_TASK OBJECTIVE_.
Each line below that includes the word "Neue" adds one to the count; give that count and nothing else.

[Saved entries]

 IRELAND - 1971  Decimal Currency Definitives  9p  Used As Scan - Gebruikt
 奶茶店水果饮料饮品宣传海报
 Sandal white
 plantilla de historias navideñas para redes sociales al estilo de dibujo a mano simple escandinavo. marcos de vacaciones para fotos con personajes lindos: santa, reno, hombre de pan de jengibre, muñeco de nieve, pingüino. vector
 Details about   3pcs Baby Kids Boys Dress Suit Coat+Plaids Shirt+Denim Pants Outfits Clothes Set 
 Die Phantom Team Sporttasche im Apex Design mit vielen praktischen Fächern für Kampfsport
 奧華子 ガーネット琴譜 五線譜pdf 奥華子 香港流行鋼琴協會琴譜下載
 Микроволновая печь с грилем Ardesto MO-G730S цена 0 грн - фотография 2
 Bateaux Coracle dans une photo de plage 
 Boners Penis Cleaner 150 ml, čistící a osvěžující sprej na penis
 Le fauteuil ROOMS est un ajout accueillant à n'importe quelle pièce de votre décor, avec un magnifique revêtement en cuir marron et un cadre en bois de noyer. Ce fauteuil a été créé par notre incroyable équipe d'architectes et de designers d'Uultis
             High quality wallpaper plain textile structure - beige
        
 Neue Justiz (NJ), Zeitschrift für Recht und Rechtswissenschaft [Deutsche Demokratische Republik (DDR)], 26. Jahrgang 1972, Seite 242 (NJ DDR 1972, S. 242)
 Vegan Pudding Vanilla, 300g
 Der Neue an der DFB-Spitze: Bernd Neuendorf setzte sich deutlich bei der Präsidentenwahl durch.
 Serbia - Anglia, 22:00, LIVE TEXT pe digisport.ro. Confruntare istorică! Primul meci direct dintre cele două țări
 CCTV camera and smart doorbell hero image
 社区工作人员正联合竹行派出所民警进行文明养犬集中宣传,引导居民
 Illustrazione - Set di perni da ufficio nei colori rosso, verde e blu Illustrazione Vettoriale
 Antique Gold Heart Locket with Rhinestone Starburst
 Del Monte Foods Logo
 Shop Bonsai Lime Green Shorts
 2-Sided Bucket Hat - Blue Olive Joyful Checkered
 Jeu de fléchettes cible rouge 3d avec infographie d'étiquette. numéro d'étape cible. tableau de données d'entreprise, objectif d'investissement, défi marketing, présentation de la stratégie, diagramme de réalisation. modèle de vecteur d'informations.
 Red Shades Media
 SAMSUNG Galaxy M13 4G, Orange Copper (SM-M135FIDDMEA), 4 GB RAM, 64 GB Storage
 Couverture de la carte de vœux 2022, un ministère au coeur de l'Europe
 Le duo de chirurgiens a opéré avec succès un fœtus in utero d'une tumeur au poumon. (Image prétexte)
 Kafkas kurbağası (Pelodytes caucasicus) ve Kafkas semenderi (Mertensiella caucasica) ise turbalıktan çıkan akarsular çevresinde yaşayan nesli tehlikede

_RESULT_.
2